EXERCISE PROMPT. Please restate every line below exactly, without any pictures.

INFORMATION SHOWN.

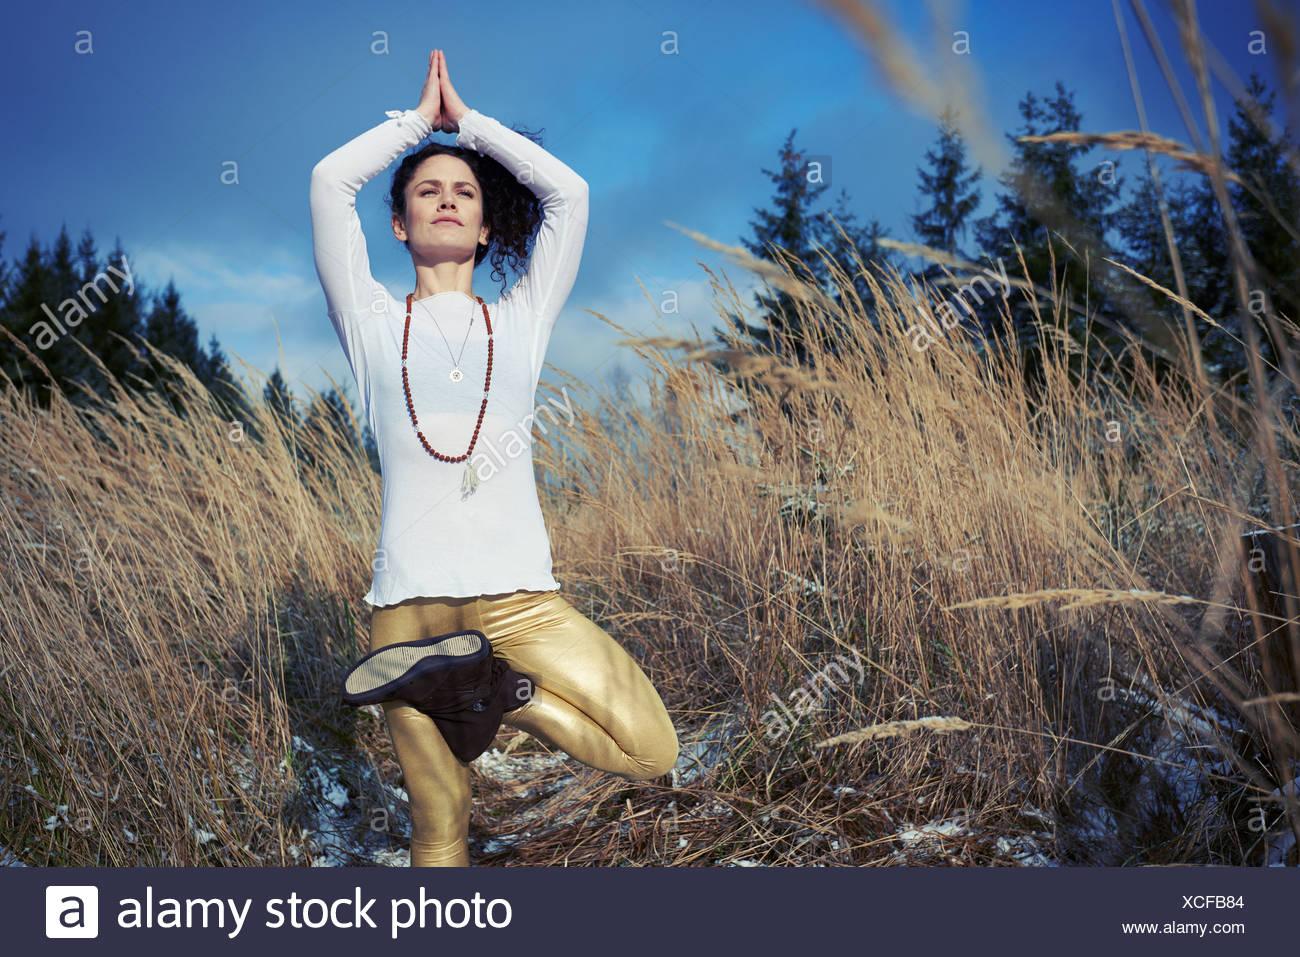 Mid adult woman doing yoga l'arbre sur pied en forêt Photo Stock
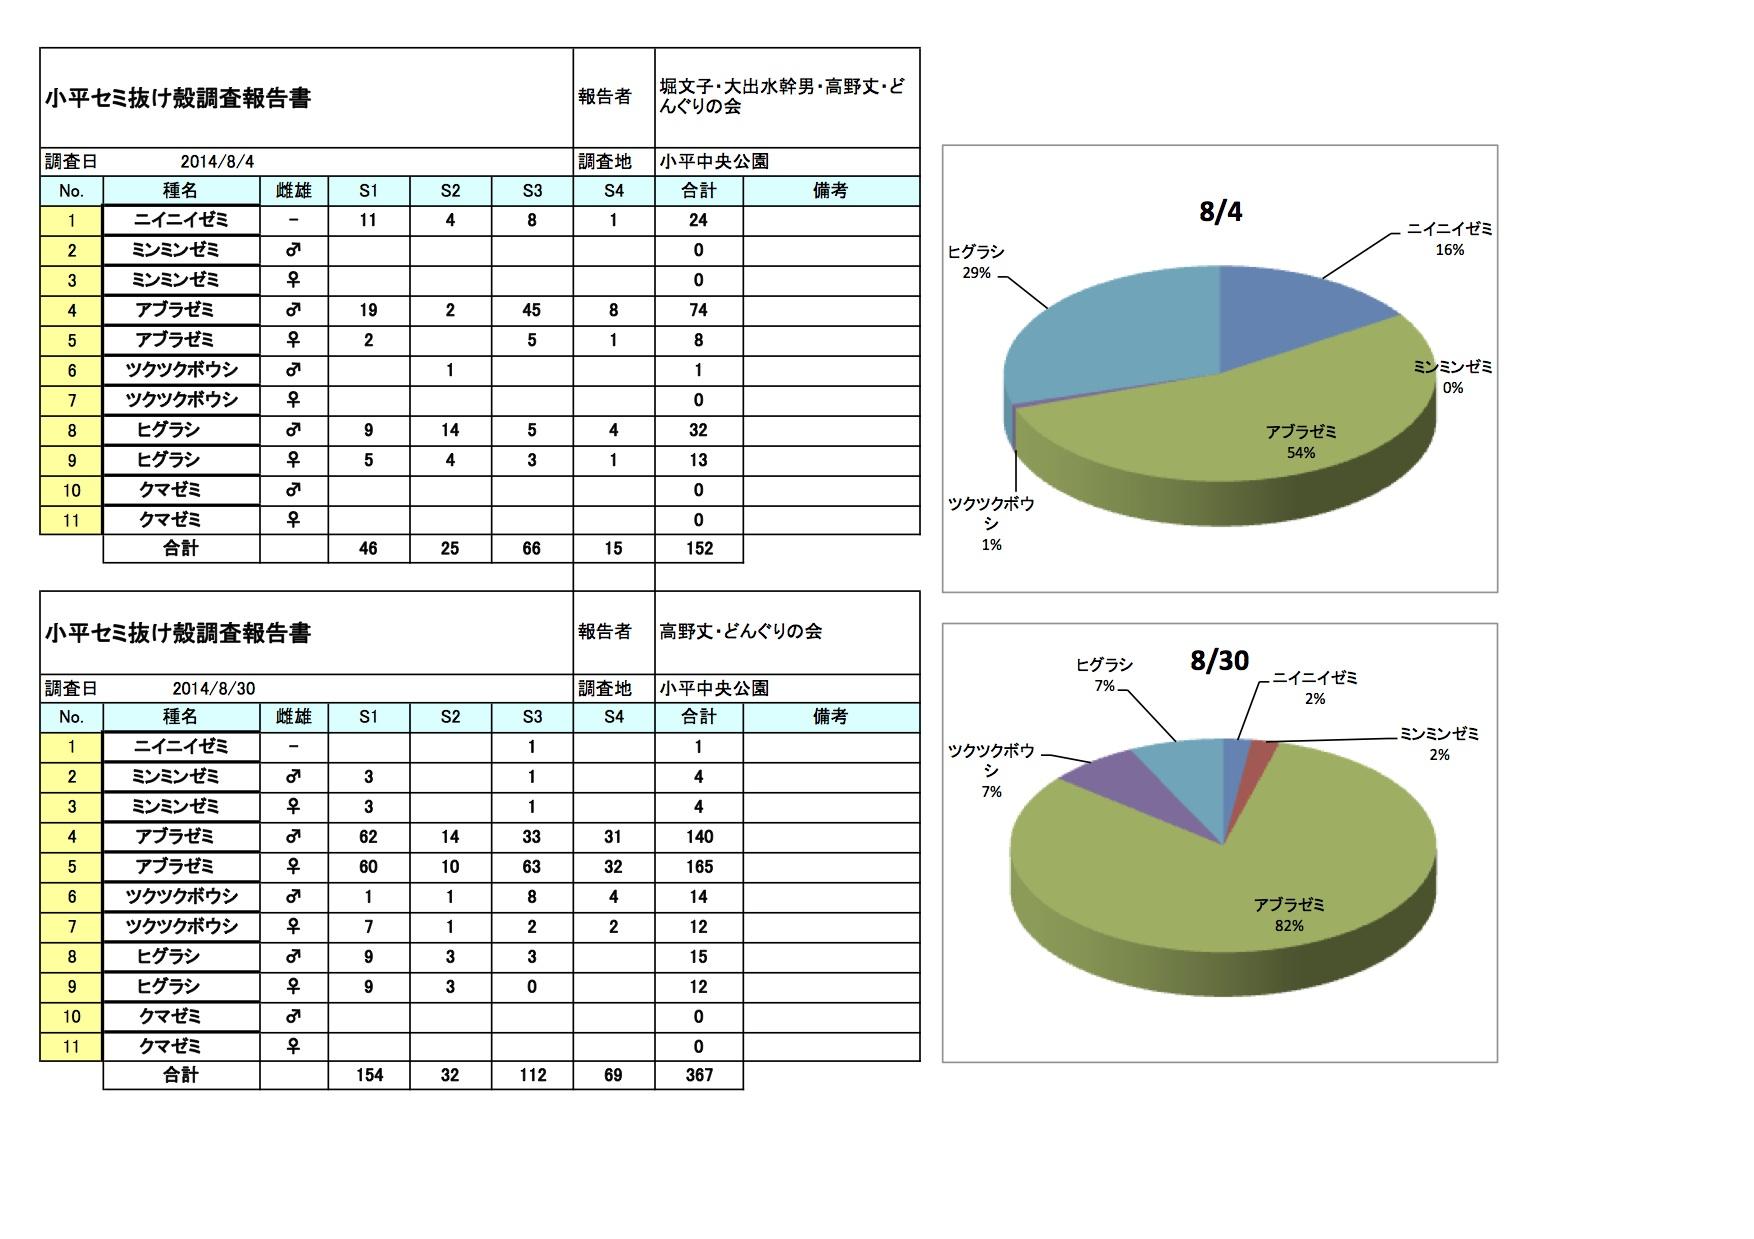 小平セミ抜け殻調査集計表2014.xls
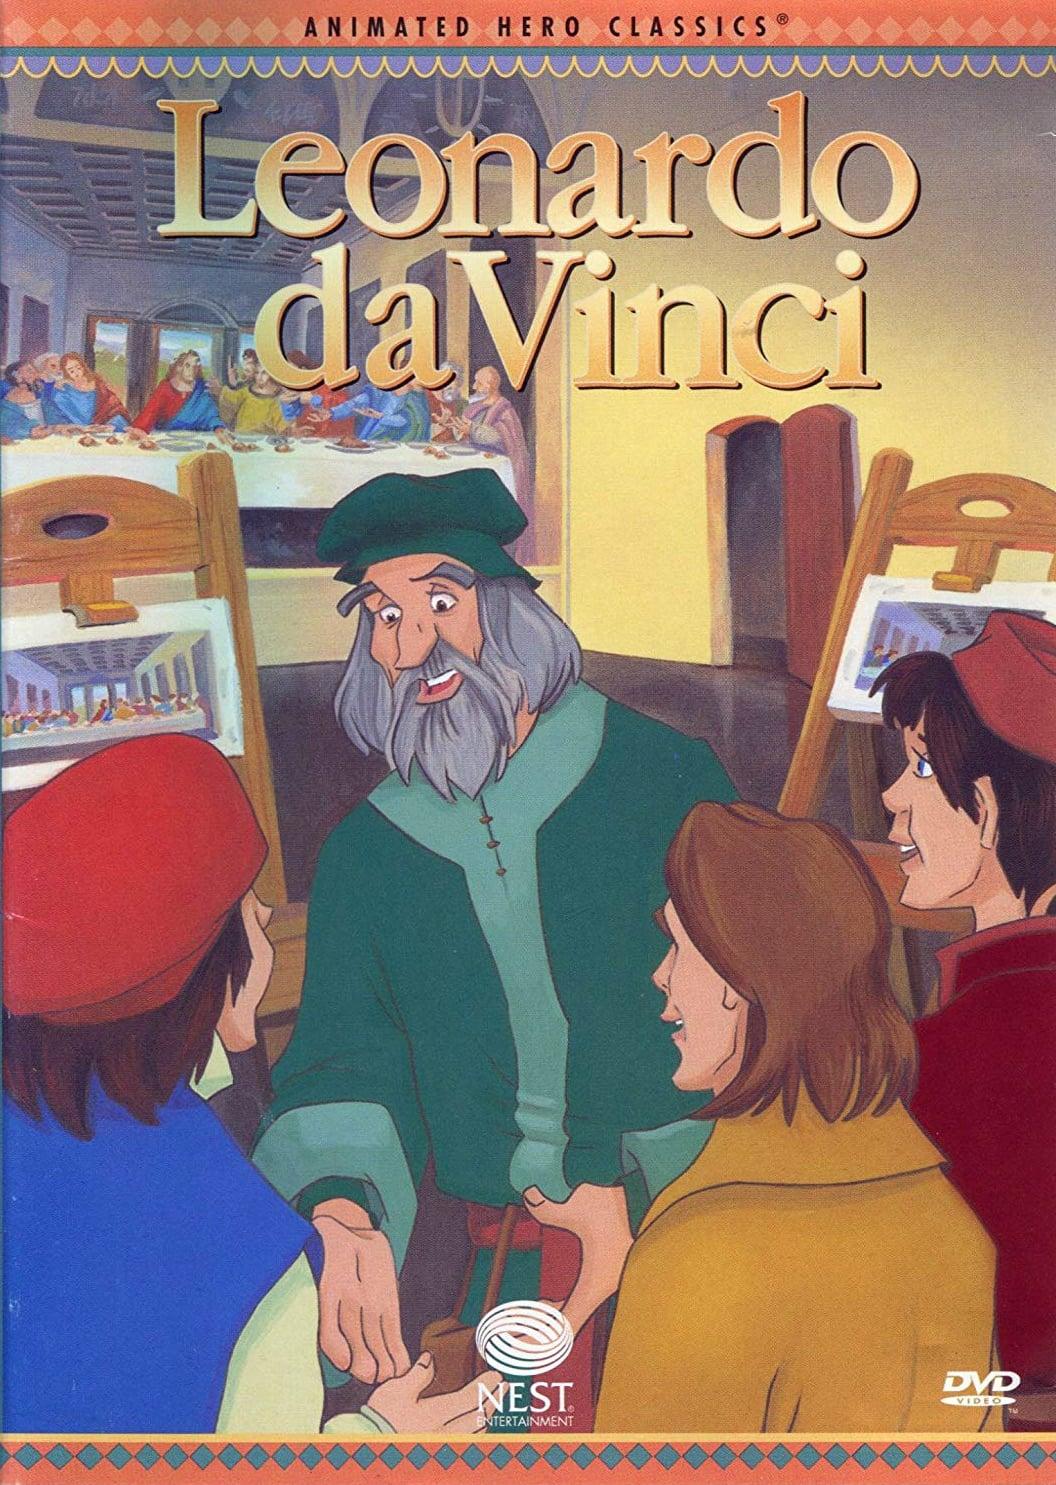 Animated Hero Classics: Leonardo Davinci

RESULT OF THIS TASK.
 Mid adult woman doing yoga l'arbre sur pied en forêt Photo Stock
 小平セミ抜け殻調査集計表2014.xls
 Animated Hero Classics: Leonardo Davinci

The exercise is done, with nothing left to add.